Emil gave him a very sexy grin. Peregrine shifted in his seat. Kurt nodded. “Our love was too good to get up afterwards.”
Peregrine sent him a grin in the rearview mirror. Emil set his hand on Kurt’s thigh. Kurt wasn’t likely to get much sleep tonight either.
/
Kurt woke up and stretched. Sunday meant church, but he had hours before he had to leave and Emil was lying so temptingly only inches away. Kurt rubbed his hand up Emil’s side.

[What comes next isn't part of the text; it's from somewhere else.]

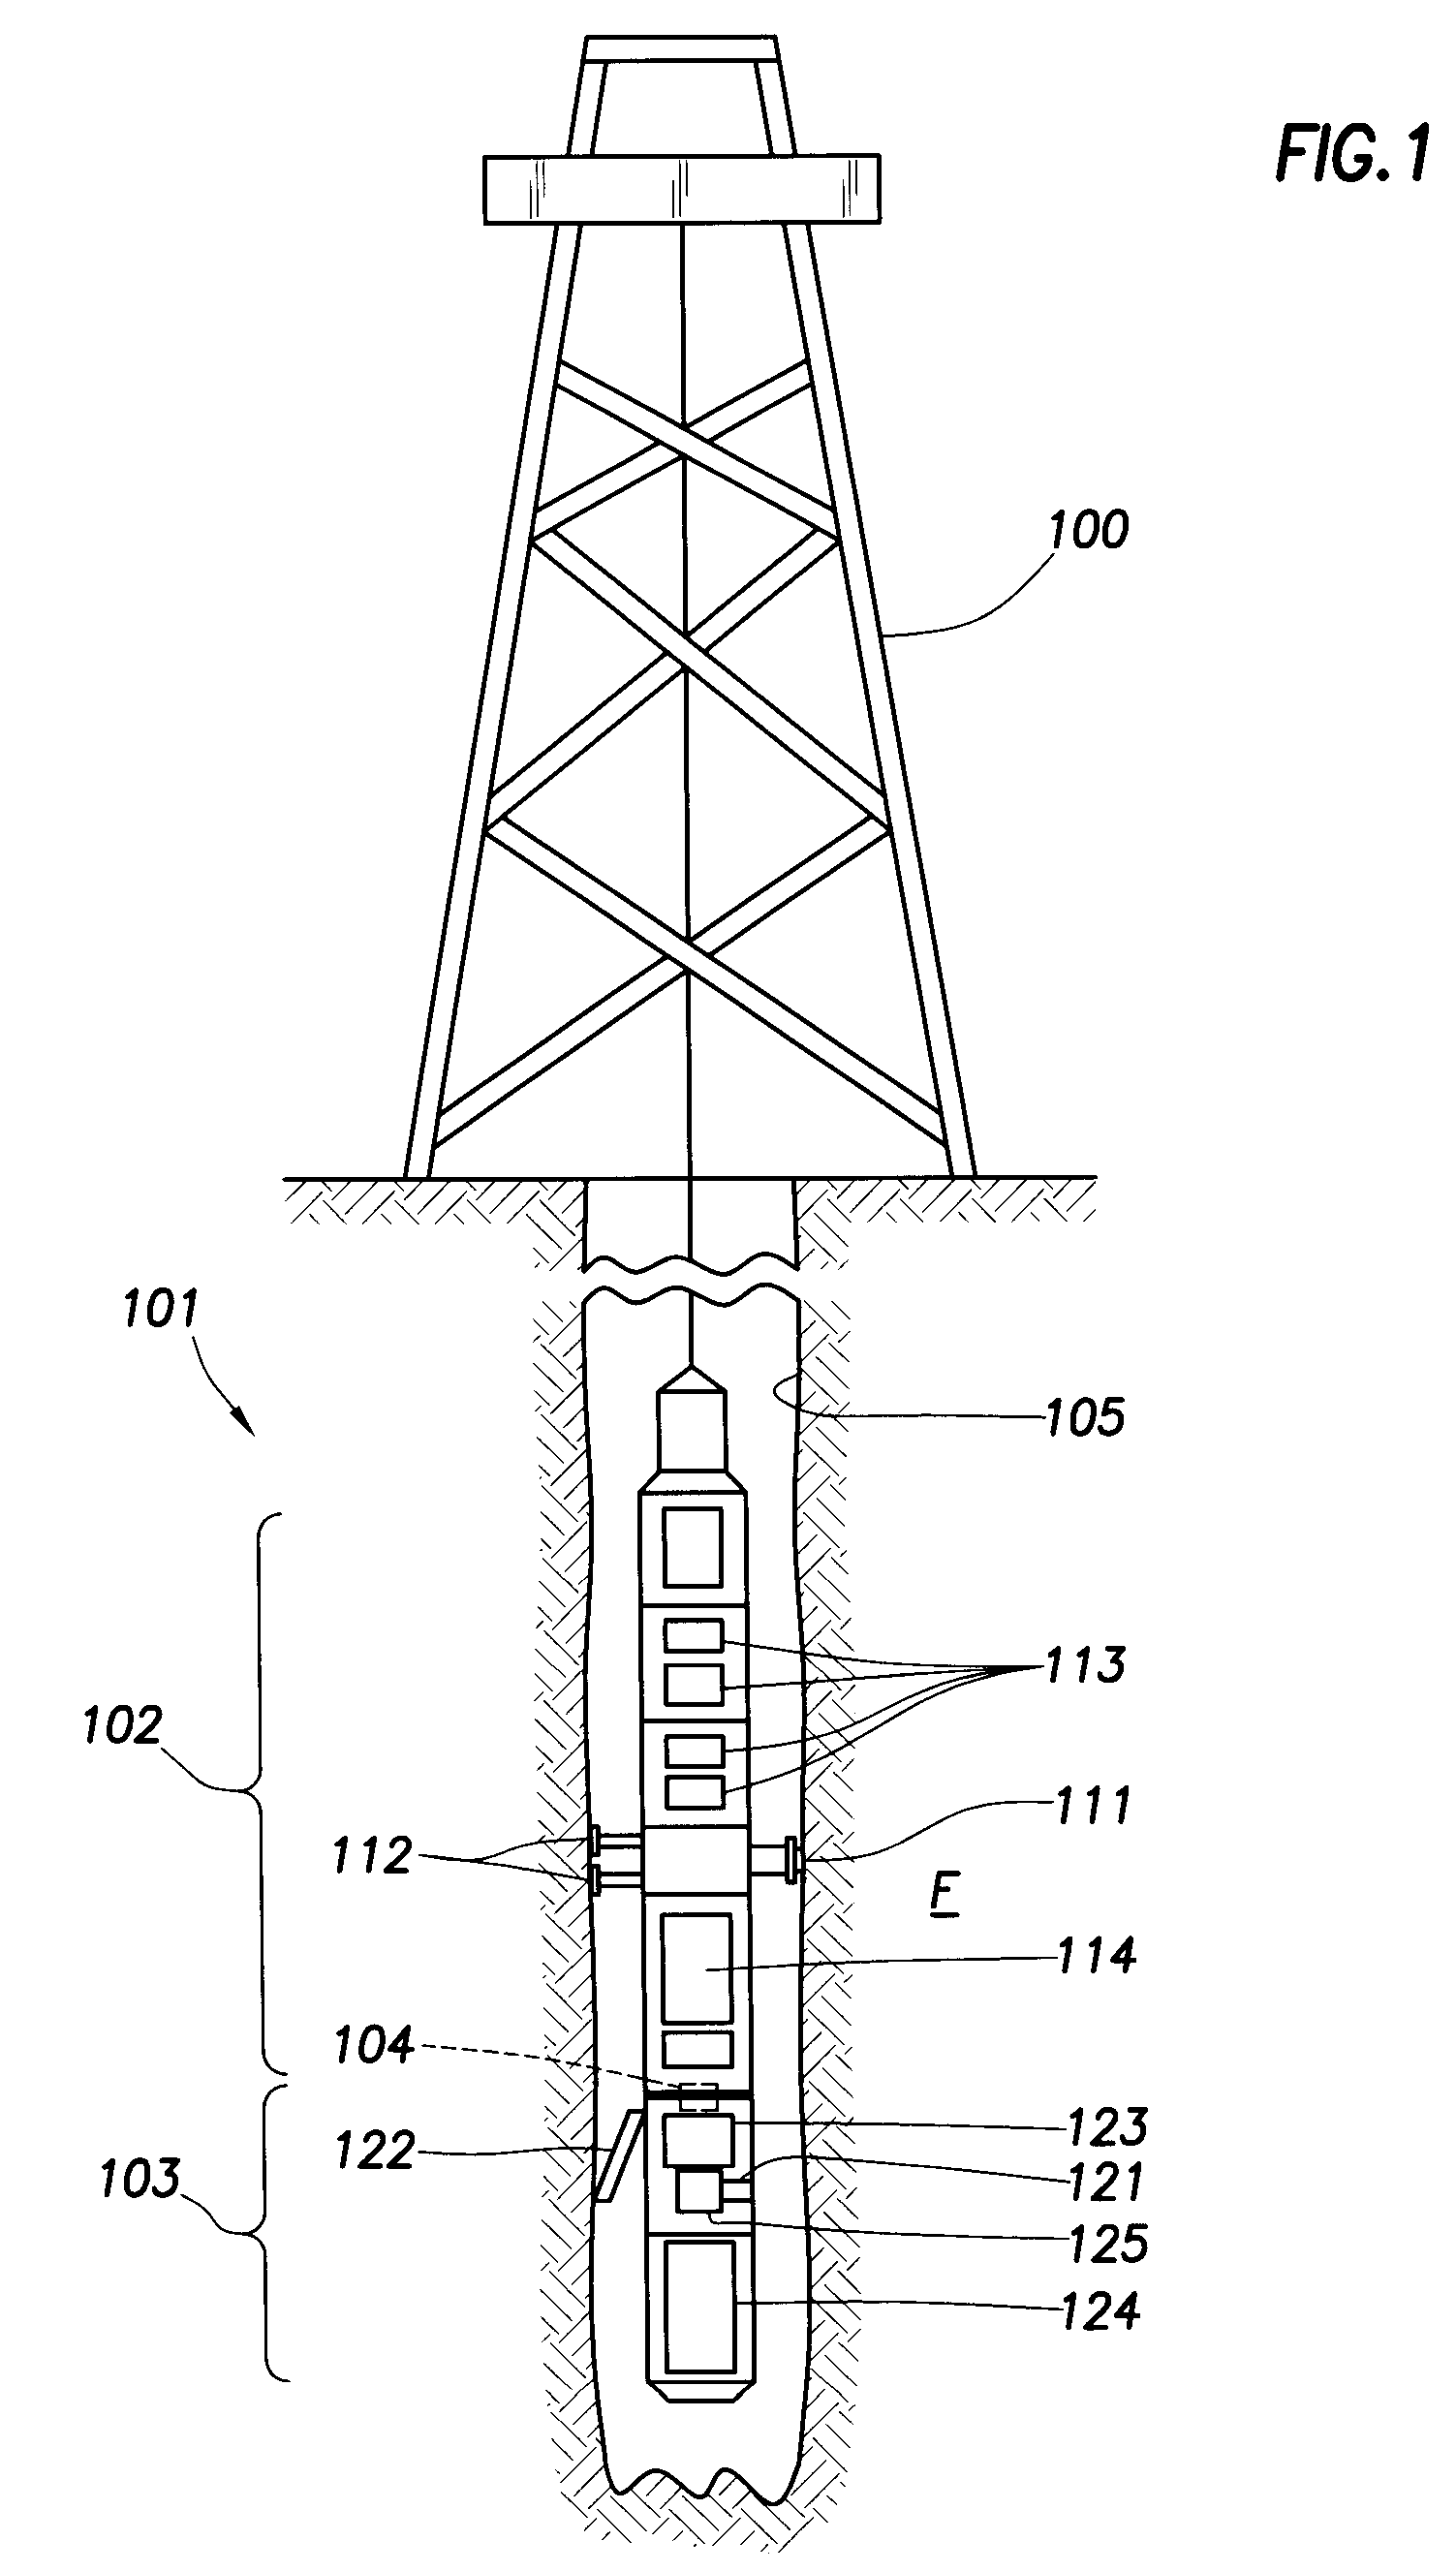 Downhole formation testing tool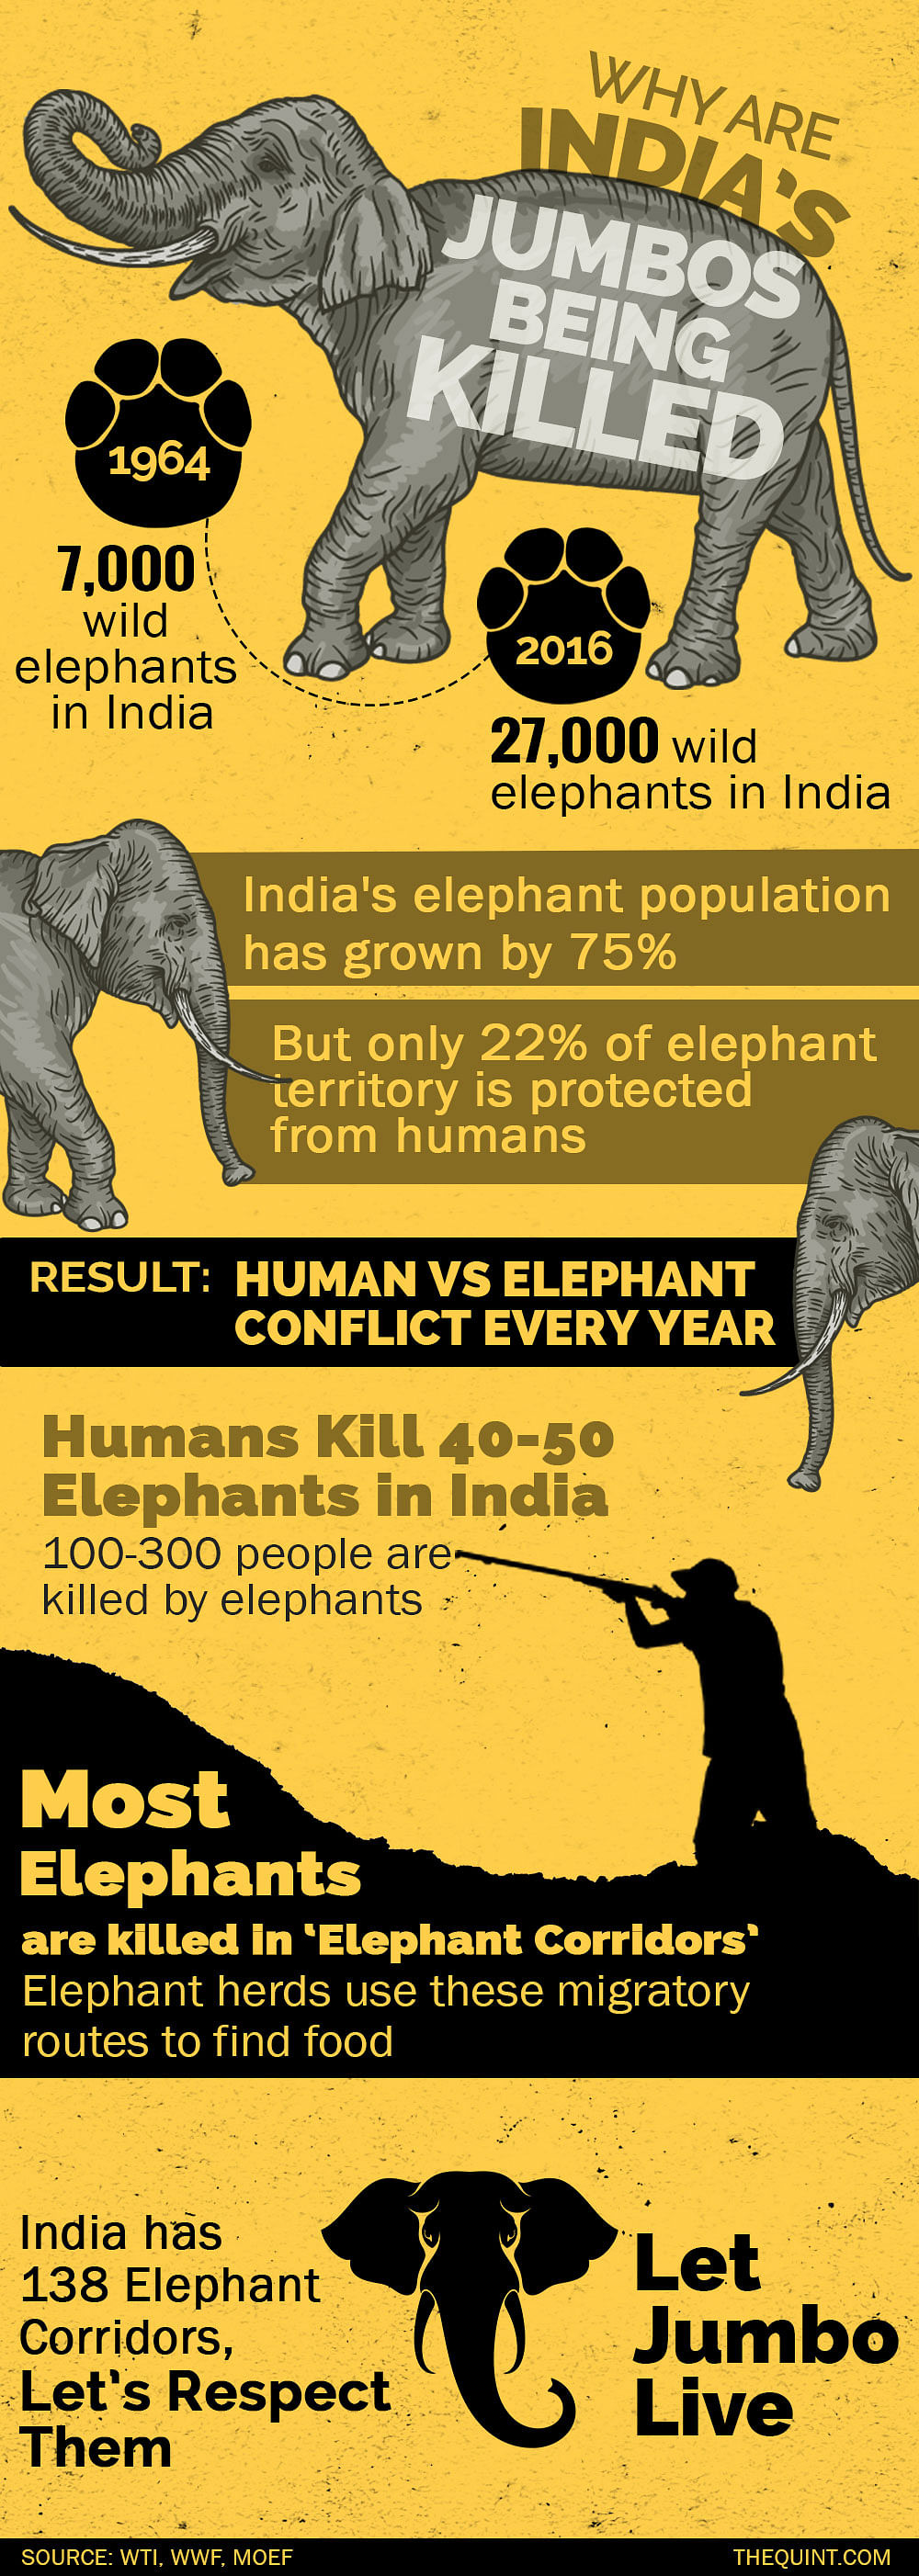 For World Elephant Day, we look at the relationship between wild elephants and people in their paths. 

Emil shivered and moaned. Kurt grinned. This day was starting beautifully.
/
Peregrine pushed open the building’s front door. Mornings were starting to get chilly, but only because the clouds hadn’t yet rolled in to signify the beginning of fall. He turned in the doorway. Kurt was being held up by a fellow resident. Church started in twenty minutes in a store front ten minutes away. They needed to get moving.
Peregrine turned to the woman that held Kurt up and nodded at her. Kurt introduced them. This was Elaine DeWitt, the Homeowners Association president. Peregrine put his hand on Kurt’s arm. “Kurt here tells me that you have no art in the meeting room. Is that by choice?”
Elaine smiled. “Getting anything passed that costs money takes effort.”
“And if I donate?”
Elaine cocked her head. “And why would you do that?”
Peregrine shrugged. “Every room needs art. Get the word out that I’ll paint everyone who shows up to the next meeting into the painting. See you then.”
Peregrine led Kurt out the door. “When is the next meeting anyway?”
Kurt laughed. “I love you. Meetings are the last Wednesday of the month.”
Peregrine would have to rearrange his schedule to be there and he should probably get the keys to the meeting room and figure out size and shape of the canvas. He wanted to be prepared to have finished art to show off at the end of the meeting.
Kurt wrapped his arm around Peregrine’s waist. “Having a lot of people attend will help our cause.”
Peregrine grinned up at Kurt. “I strive to be helpful.”
And he did. When he wasn’t simply being selfish.
/
Emil opened the door to the young architects. This time May was already holding all her bags. “Is everyone here?”
Emil gestured them inside. Kurt took a bag from May. “We are waiting with baited breath to see what you have for us?”
May grinned at Thad. He smiled politely, but he wasn’t as calm as he pretended to be if his fidgety foot once he sat down meant anything. They all sat on the couches and May and Thad laid out their presentation. May handed a tablet to Emil, Kurt and Peregrine. The picture was the condos from above. “This is what your condos look like now. And,” she hit a button on her laptop and the picture changed, “this is one idea for the new set up.”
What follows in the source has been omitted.